Alors que la Terre suffoque, étouffée par la surexploitation des ressources naturelles, l’humanité s’est tournée vers un nouveau territoire à conquérir, exploiter et polluer : l’espace, au-delà des planètes et du système solaire : la Frontière…
Scientifique passionnée par l'inconnu, Ji-soo a consacrée sa vie à l’archéologie spatiale… Jusqu’à ce que sa boîte soit rachetée par une multinationale peu scrupuleuse uniquement soucieuse de ses seuls profits… Elle s’est contentée de raller et de subir le système, sans chercher à le changer… Camina est une mercenaire terriblement douée mais un jour, une blessure nécessitant la greffe d’un bras cybernétique lui fait prendre conscience que ce qu’elle faisait n’en valait tout simplement pas la peine… Alex est un « spatial » : il est né dans l’espace et y a toujours vécu et fait chaque jour ce qu’on attends de lui pour extraire du minerai…
Mais un jour, après avoir trouvé par hasard un petit singe appartenant à un laboratoire de recherche, profitant de l’absence de législation dans l’espace pour mener des expérimentations interdites sur Terre, Alex va entrer dans une colère noire, détruisant le labo et n’ayant d’autre choix que de fuir la station à bord d’une navette de secours en compagnie de Ji-soo pour ne pas être arrêté…
Guillaume Singelin est un auteur qui impressionne tant par ses talents de conteur que par son trait dynamique et follement expressif… Avec Frontier, il explore un nouveau genre : celui de la science-fiction…

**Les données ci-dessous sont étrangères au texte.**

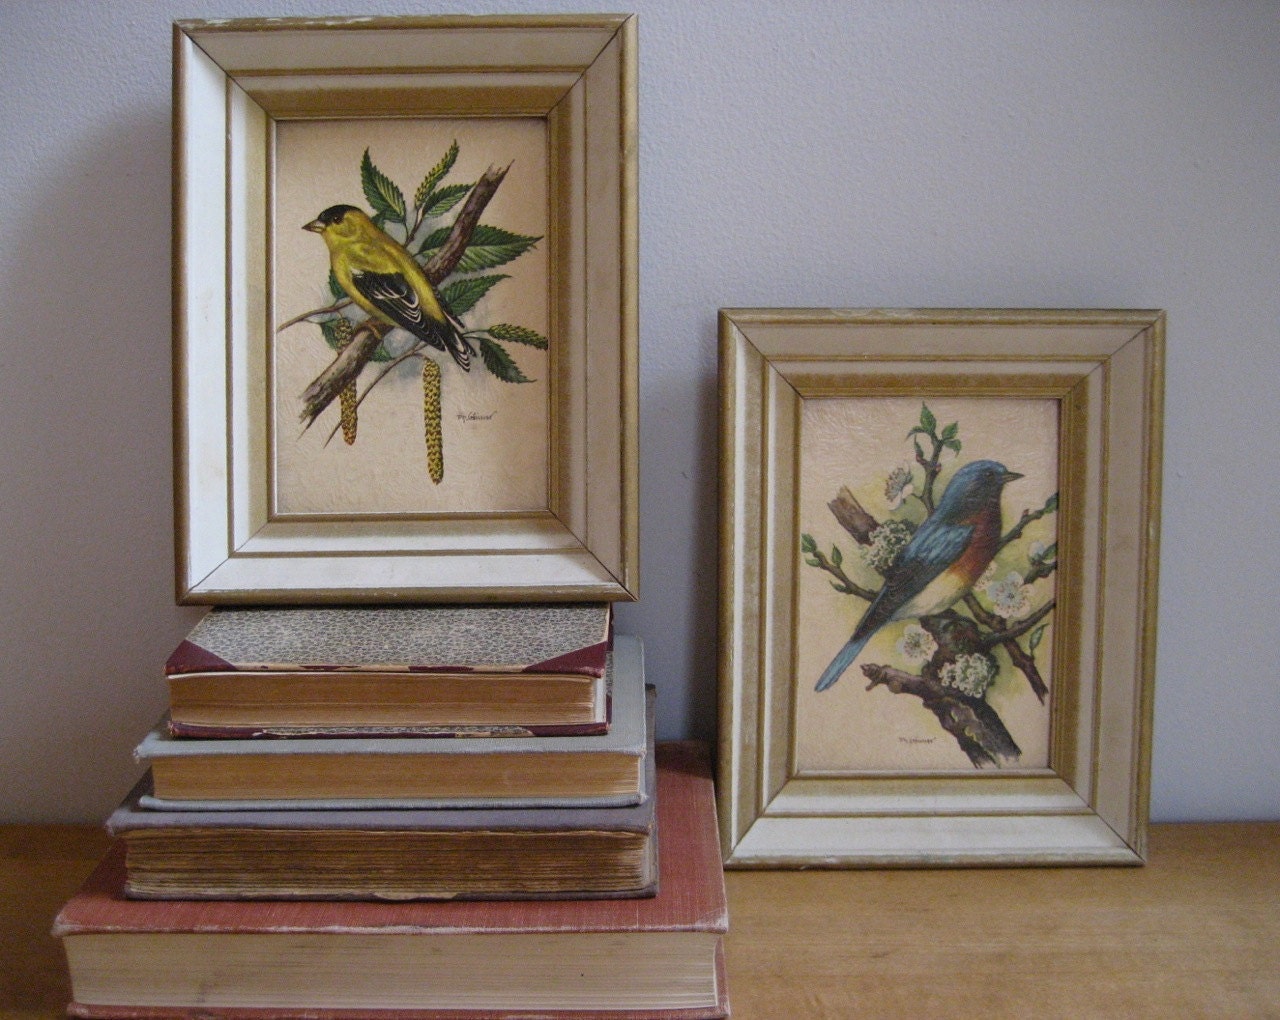 Vintage Pair of Framed Bird Prints by ameliajanevintage on Etsy
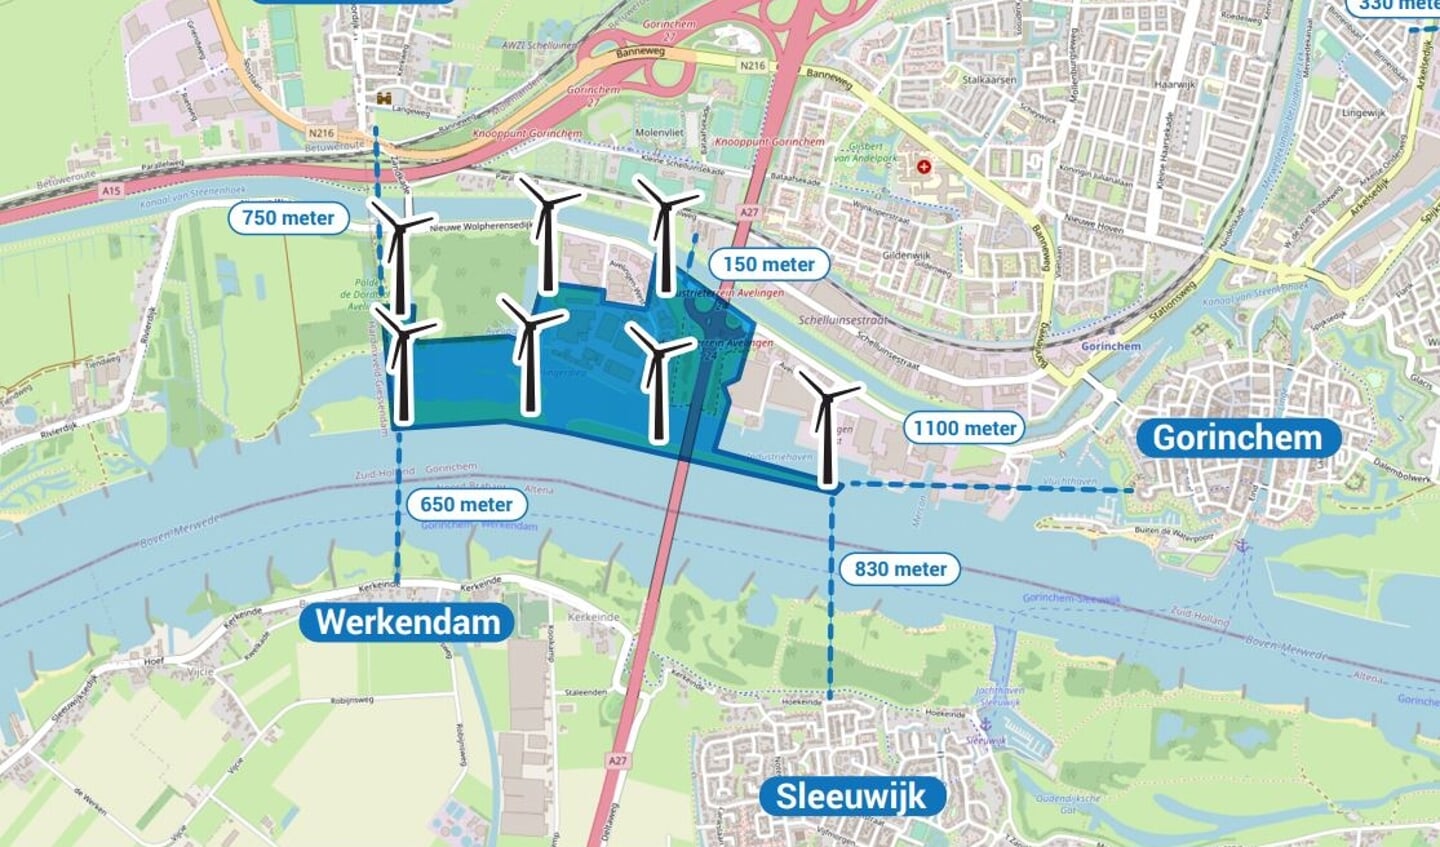 De windmolens ingetekend op de plattegrond van Gorinchem

Difficile de ne pas être impressionné par ce nouvel album, tant par la qualité d’édition que par sa pagination… Et, dès les premières pages, la magie opère… On se laisse entraîner avec une facilité désarmante dans cet univers où la conquête spatiale n’est plus une utopie mais s’avère déjà gangrénée par le capitalisme. Et, comme tout récit de SF, il aborde de façon détournée des sujets bien actuels : l’épuisement des ressources de la Terre, la recherche exacerbée du profit, des travailleurs qui ne sont plus que des variables d’ajustement et qui acceptent sans broncher leurs conditions de travail inhumaine parce qu’ils se sont endettés jusqu’au cou et ont trop peur de perdre leur boulot, des pauvres qui vivotent en marge de la société ou des migrants contraints de tout quitter dans l’espoir d’une vie meilleure, la marchandisation de l’espace… La société cynique, individualiste et violente qu’il dépeint ressemble par bien des aspects furieusement à la nôtre…
Mais il y a toujours ce même espoir qui sous-tend son récit à travers ces trois personnages hétéroclites qui vont avoir ce salutaire déclic qui va les pousser à tout remettre en question et à reprendre leur vie en main, pour lui donner du sens. Et nous, qu’attendons-nous pour changer cette société injuste et inégalitaire ? Le COVID a poussé beaucoup de monde à réfléchir et à s’interroger sur leur rapport au travail… Mais qu’en reste-t-il aujourd’hui ?
Comme à son habitude, Guillaume Singelin parvient à créer des personnages tout à la fois singuliers et attachants, d’Alex à Camina en passant par Ji-soo… Sans oublier l’adorable Goku ! Inspiré du manga, son dessin caractéristique impulse une vie et une énergie incroyable à ces personnages et son trait incroyablement dynamique retranscrit avec force leurs états d’esprit, de l’abattement à la résignation, de la révolte à la prise de conscience et à l’envie de redonner du sens à leur vie… Mais si les héros de cet album sont particulièrement touchants dans leur remise en question, difficile de ne pas être impressionné par le sens du détail de l’auteur, par sa capacité à nous immerger dans des vaisseaux et des stations fascinantes dont les décors foisonnant de détails rendent l’univers incroyablement dense et cohérent… Mais l’artiste s’avère aussi impressionnant lorsqu’il s’agit de dessiner lorsqu’il s’agit de dessiner des planètes déjà privatisée par des corporations…
Au fil de ses albums, Guillaume Singelin tisse une œuvre aussi originale que fascinante et Frontier est une nouvelle pierre ajoutée à son édifice…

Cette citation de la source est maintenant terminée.